Security and Production Rules

  • Store secrets in environment variables; never log them.
  • Verify Stripe webhooks with signatures; store webhook event IDs to prevent duplicates.
  • Protect admin endpoints with Clerk roles; enforce authorization checks in server actions.
  • Use CSRF protections for forms used in authenticated areas.
  • Limit file uploads and ensure validation to prevent injection attacks.

Testing Checklist

  • Unit tests for utilities, validators, and data mappers.
  • Integration tests for Clerk auth flows and Supabase data mutations.
  • End-to-end tests covering login, exam selection, AI quiz flow, adaptive practice, and dashboard rendering.
  • Stripe webhook dispatch tests with mock events; ensure idempotent processing.
  • Deployment smoke tests post-release in staging.

Common Mistakes to Avoid

  • Mixing client and server concerns; avoid performing privileged data fetches on the client.
  • Ignoring authentication on API routes; ensure all protected routes verify Clerk sessions.
  • Hard-coding secrets in code or commits; use environment-based configuration only.
  • Over-fetching data; curate API responses and paginate or window results for dashboards.

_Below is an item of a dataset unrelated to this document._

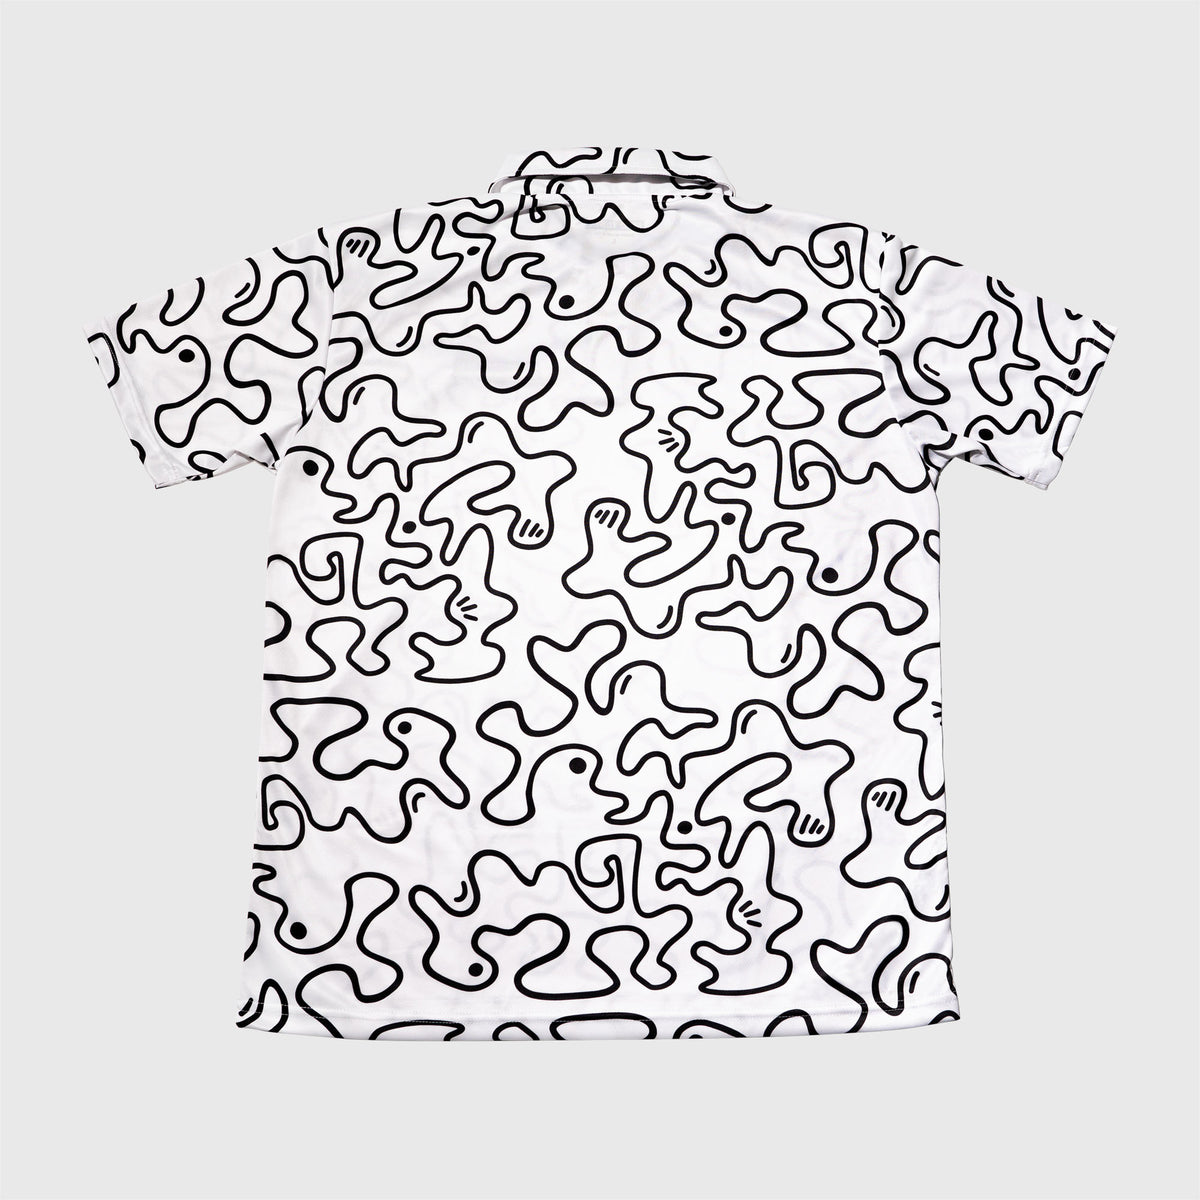 Black / White polo t-shirt, lightweight breathable fabric, squiggle graphic, and embroidered MAD TASTY logo in top right corner. 
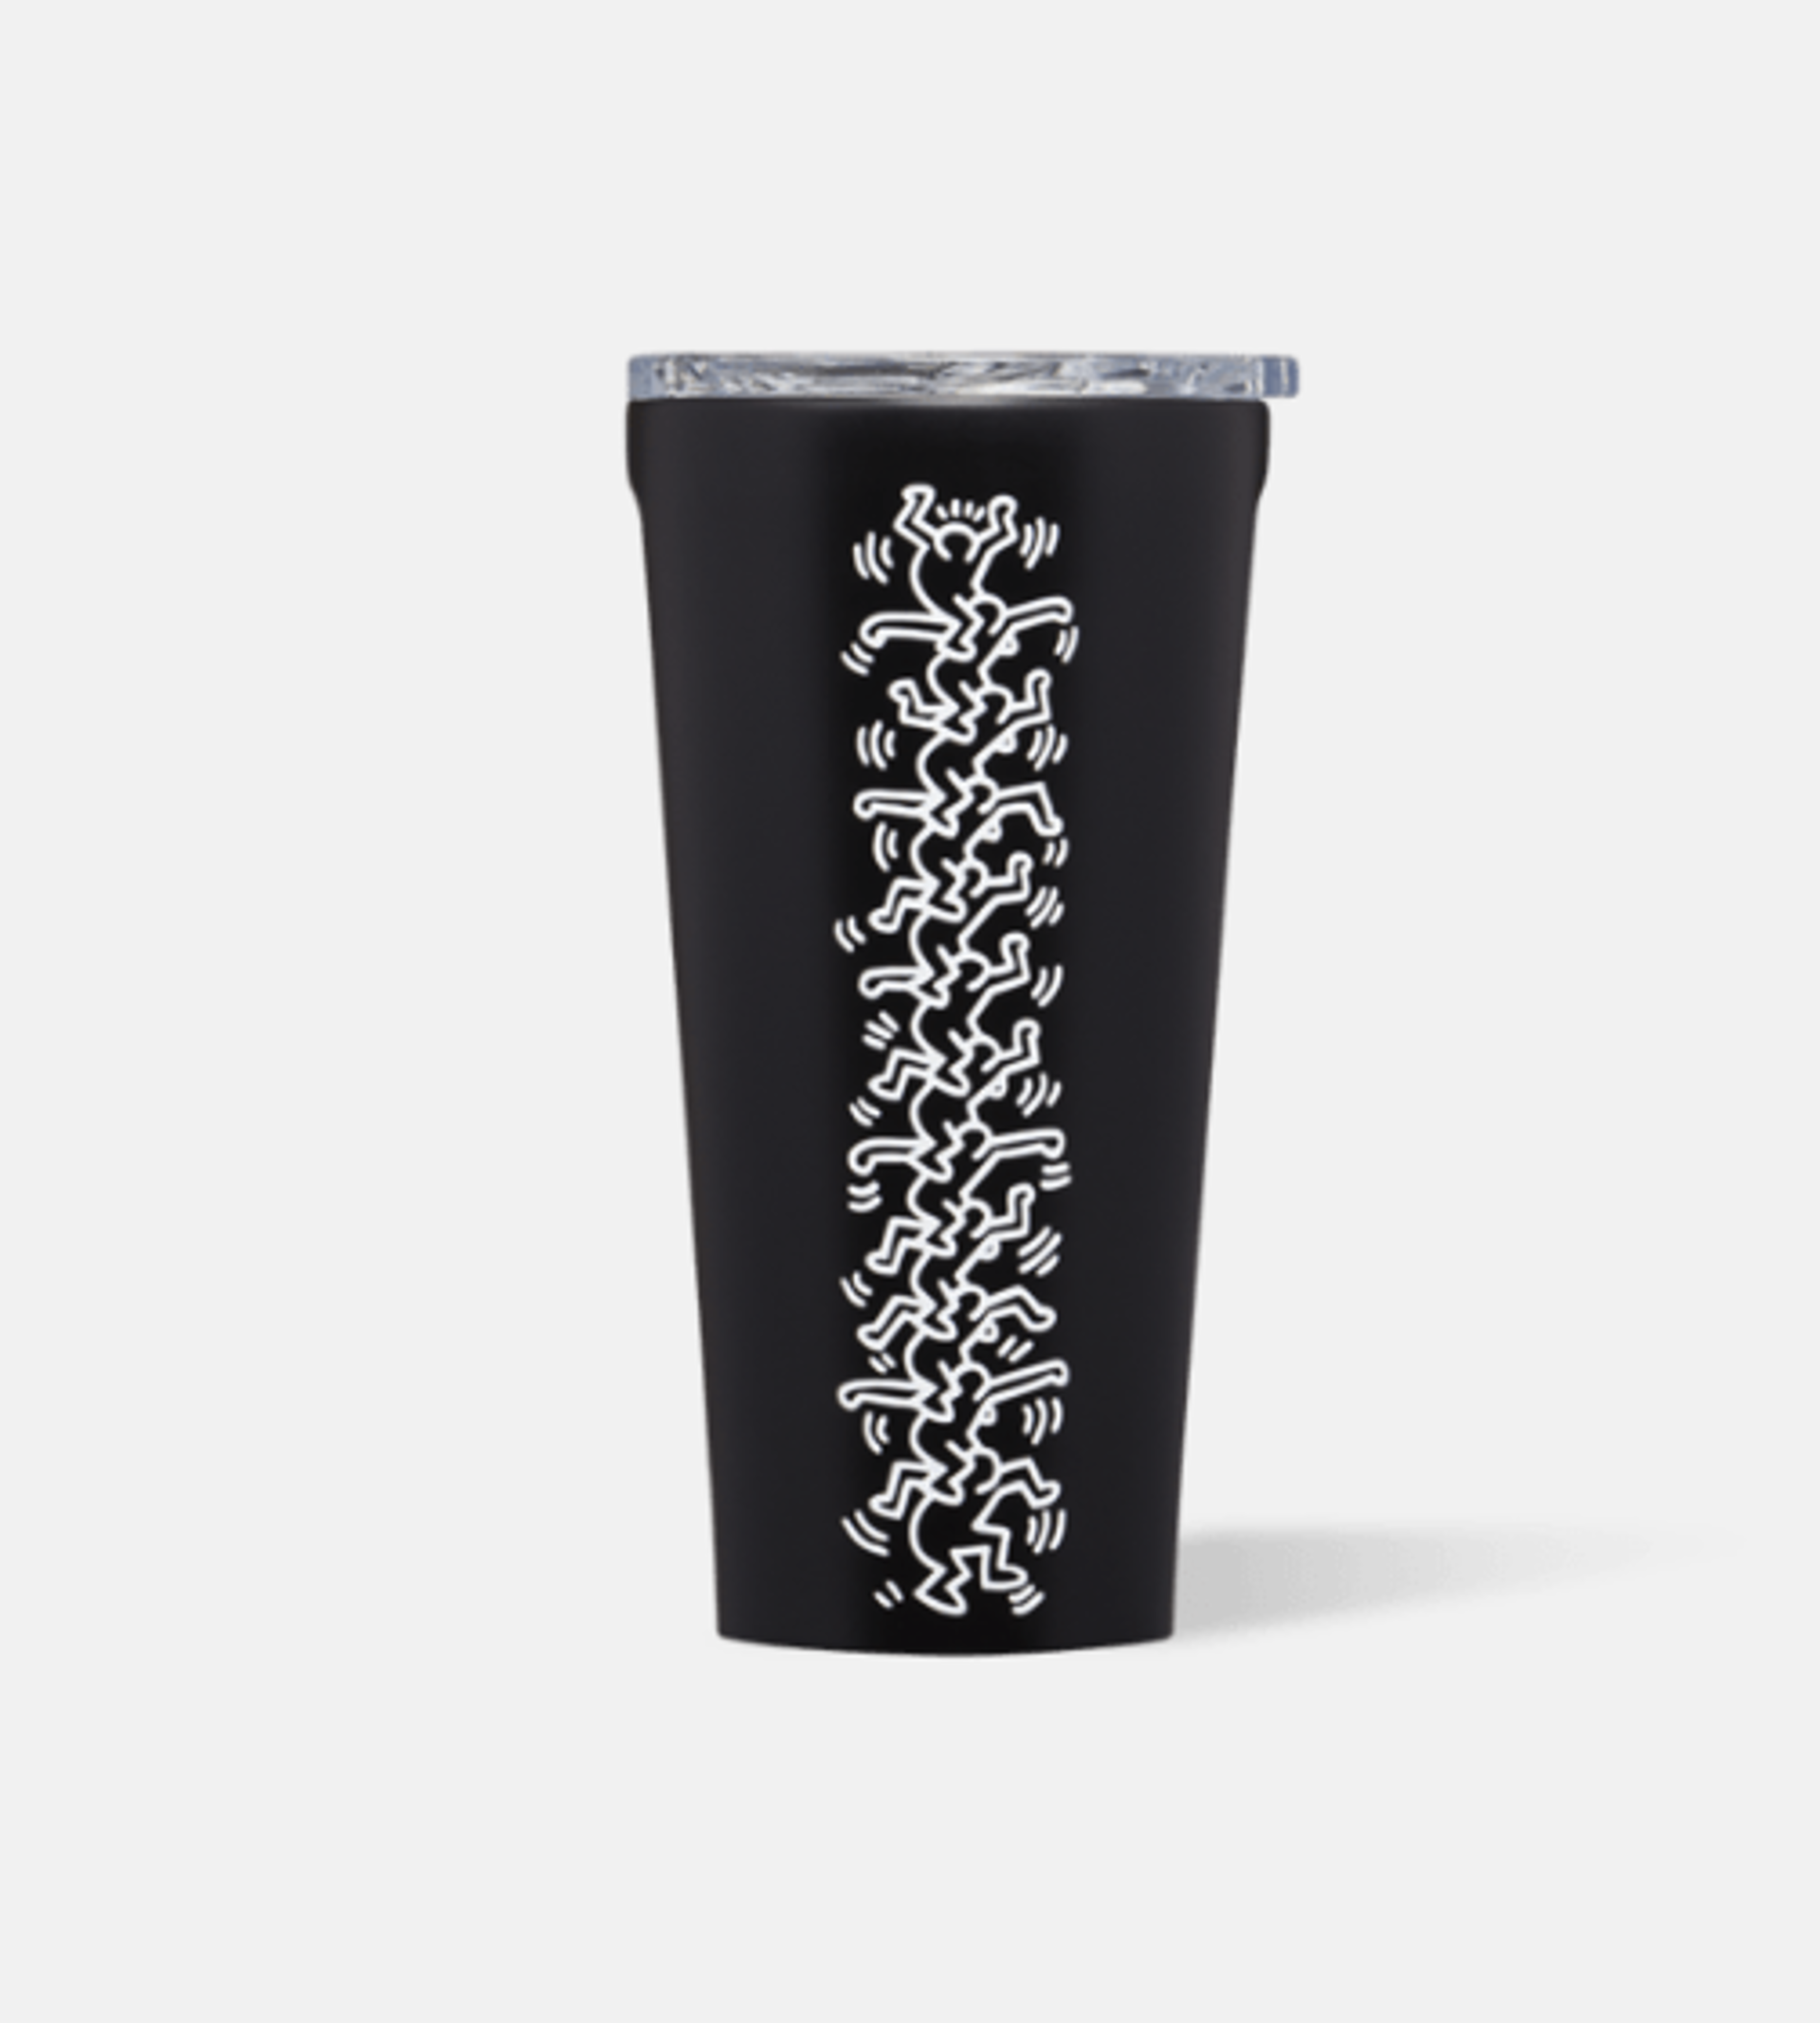 Keith Haring People Stack 16 oz Tumbler by Keith Haring

Related implementation resources: AI Use Case for Software Agencies Using Github Copilot To Accelerate Boilerplate Code Generation for New Client Mvps.

FAQ

  • What is a CLAUDE.md template for this stack?

    A copyable Claude Code instruction block that guides implementing a Next.js + TS + Supabase + Clerk + Stripe SaaS with AI quizzes, adaptive practice, and dashboards.

  • Which tech stack does this CLAUDE.md Template cover?

    Next.js (App Router) with TypeScript, Supabase as DB, Clerk for auth, Stripe for payments, AI quizzes, adaptive practice, and dashboards.

  • How do I use the copyable CLAUDE.md Template block?

    Copy the code block under Copyable CLAUDE.md Template into a CLAUDE.md file at your repo root, then run Claude to generate scaffolding and enforcement rules.

  • What security considerations are included?

    Server-side secrets handling, Stripe webhook verification, authenticated API routes, and CSRF considerations for forms.

  • What is the recommended deployment?

    Deploy to Vercel or a similar serverless host; configure environment vars and Stripe/Clerk webhooks; monitor with logs and error tracking.